Gathering
Welcome and Announcements
Call to Worship
Lamentations 3:25-33
Prayer of Invocation
Adoration
“Great Is Thy Faithfulness”
“How Firm a Foundation”
Confession
“Christ Our Hope in Life and Death”
Thanksgiving
Psalm 32
Prayer
Commitment
“By Faith”
Word
Text: John 11:45-57
Message: “The Decision to Kill Jesus“
Benediction
1 Thessalonians 3:11-13
Doctrines of the Week
Atonement
Atonement refers to God’s act of dealing with the primary human problem: sin. Both the OT and NT affirm that sin has broken the relationship between God and humankind. According to Christian theology, God accomplished the way of restoration through Christ’s death.
Penal Substitution
One of several theories of the atonement, penal substitution speaks of sin as the breaking of God’s law, for which the penalty is death. Therefore, on the cross, Christ suffered the death penalty in the sinner’s place and so appeased the wrath of God. This theory was first proposed in the Reformation and later became the most widely held view among Protestants, especially evangelicals, in Britain and the United States.
(According to Webster, “penal” is defined as “of, relating to, or involving punishment, penalties, or punitive institutions.”)
Propitiation
Propitiation is an offering that turns away the wrath of God directed against sin. According to the NT, God has provided the offering that removes his divine wrath, for in love the Father sent the Son to be the propitiation (or atoning sacrifice) for human sin (1 John 4:10).

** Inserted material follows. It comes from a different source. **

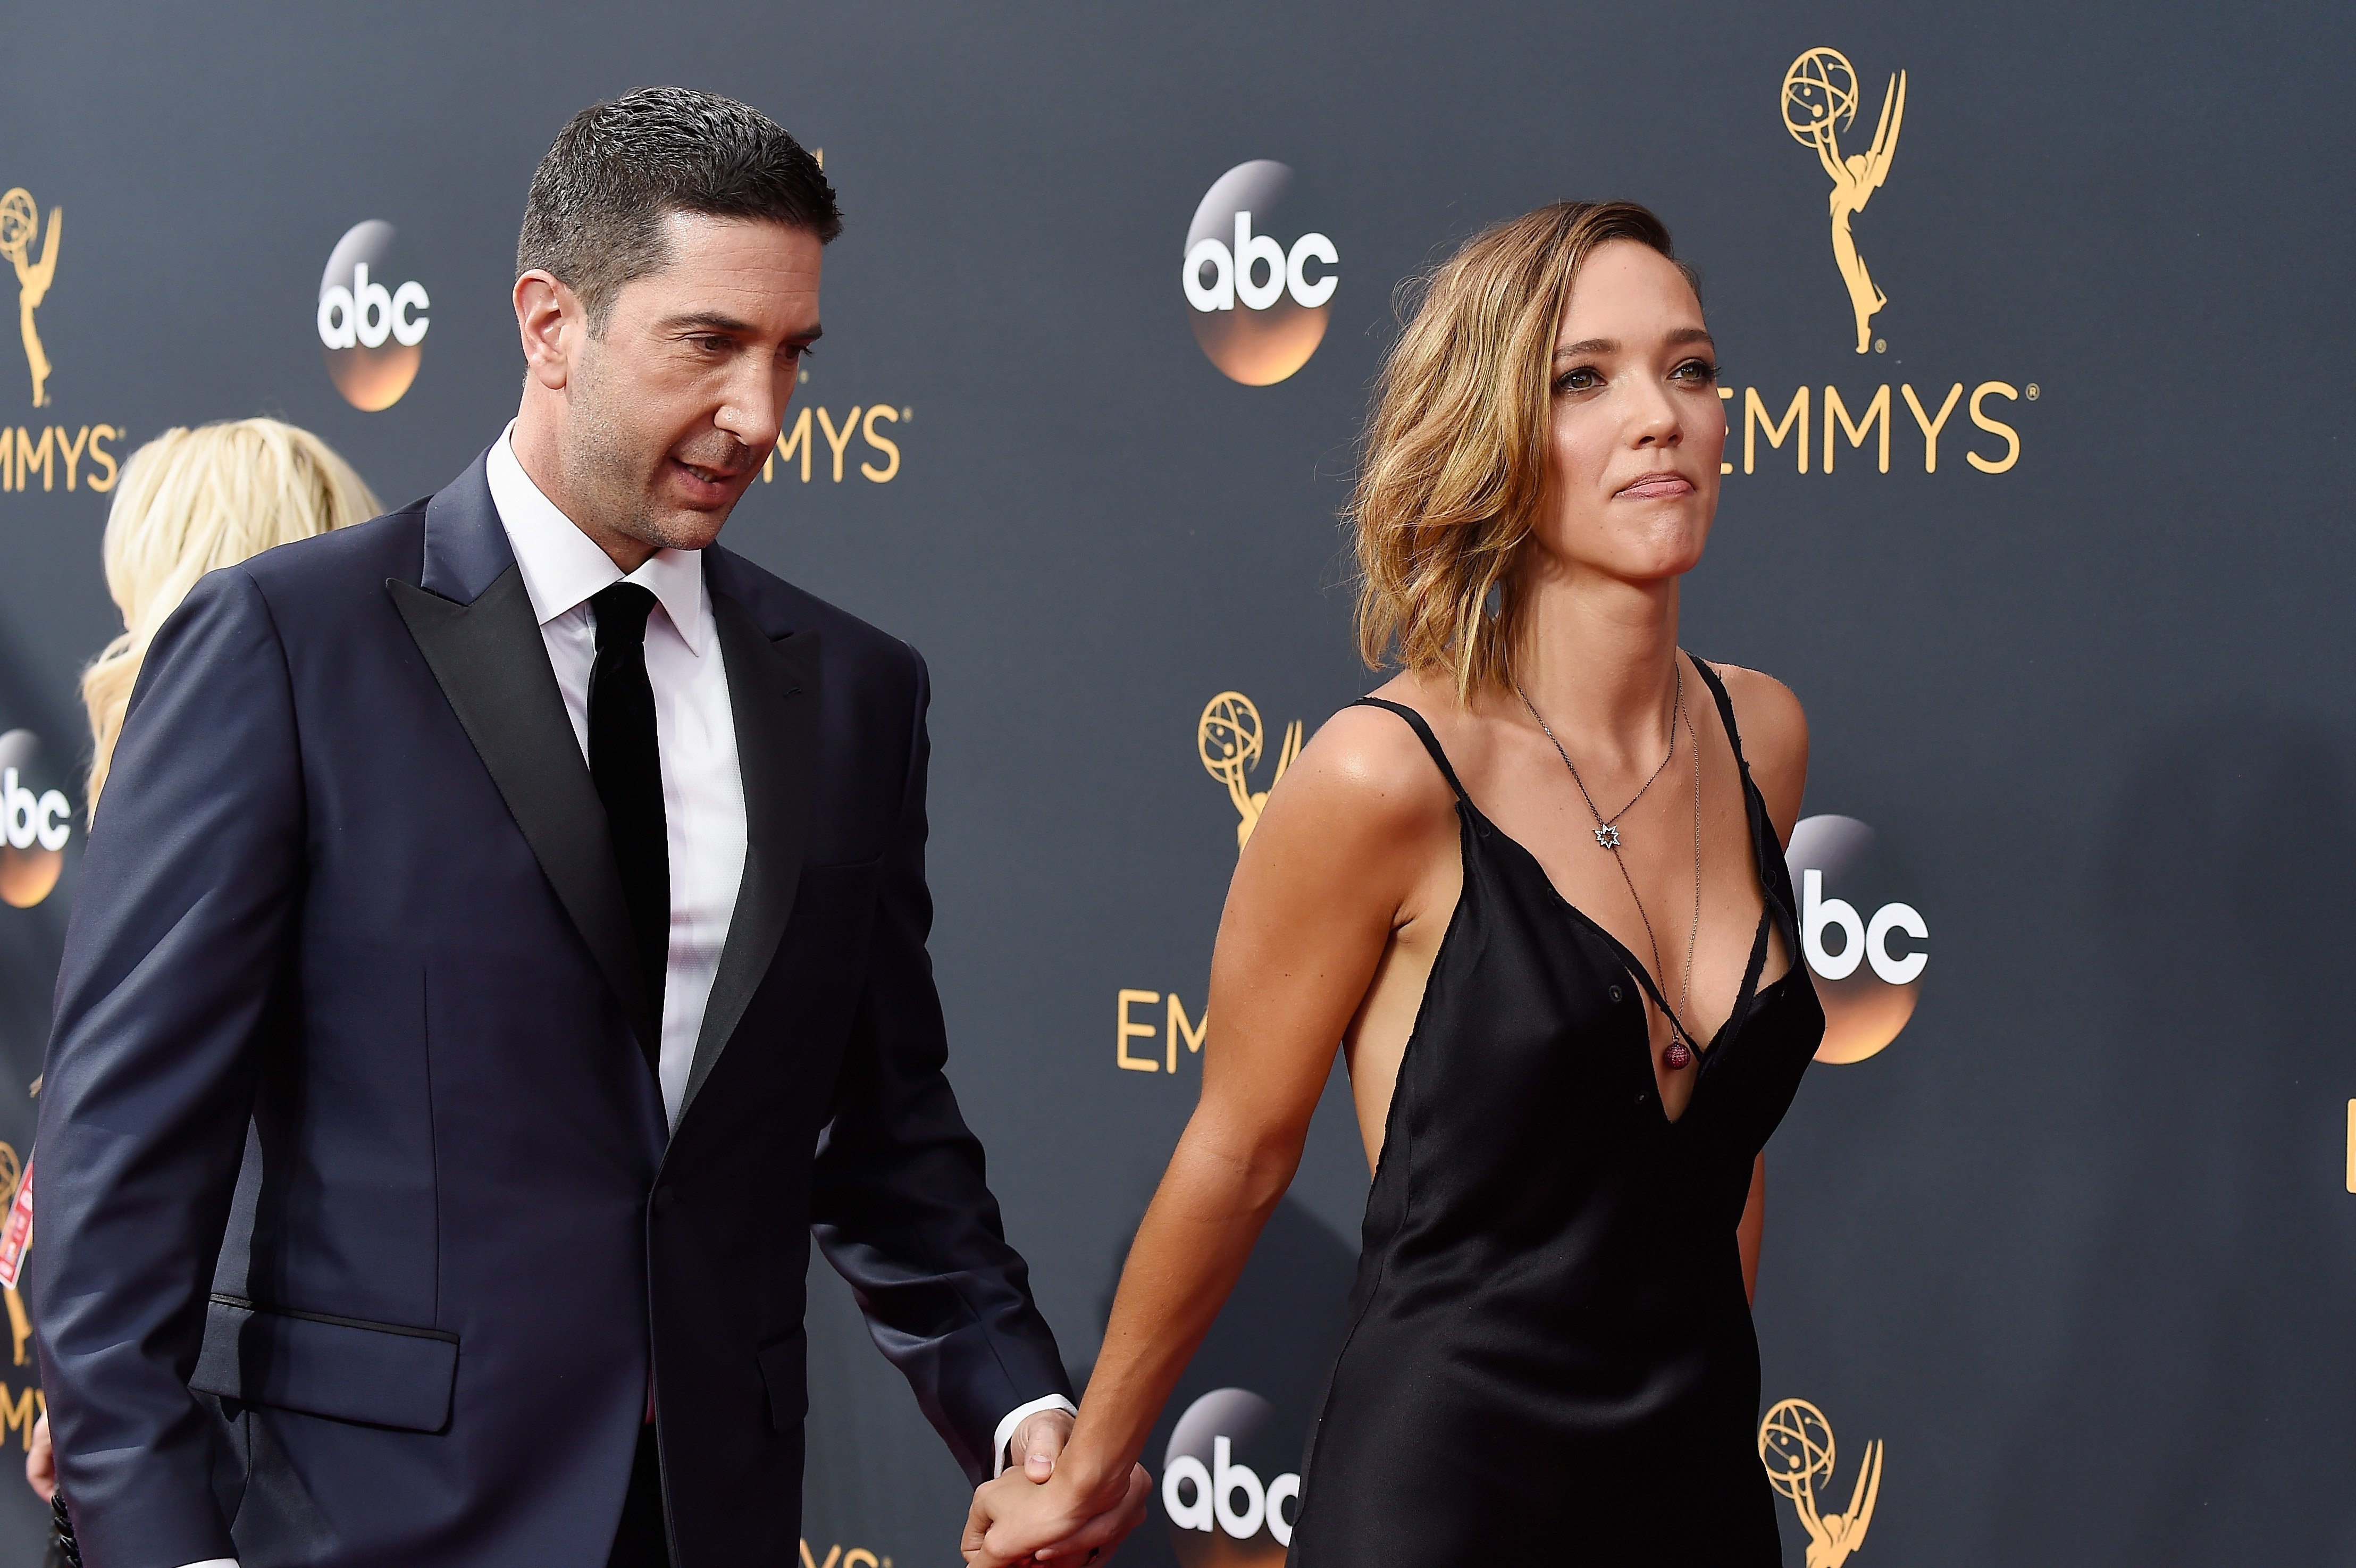 David Schwimmer and Zoë Buckman arrive at the 68th Annual Primetime Emmy Awards on September 18, 2016, in Los Angeles, California. | Source: Getty Images

(Definitions adapted from the Pocket Dictionary of Theological Terms)
A Glimpse into Church History
Jonathan Edwards (1703-1758)
A brilliant scholar and theologian, Edwards studied Latin at the age of six, was fluent in Hebrew and Greek by thirteen, and graduated from Yale University with highest honors at the age of seventeen. He was a Congregational minister from the age of twenty-four, and served as the pastor at Northampton for twenty-two years.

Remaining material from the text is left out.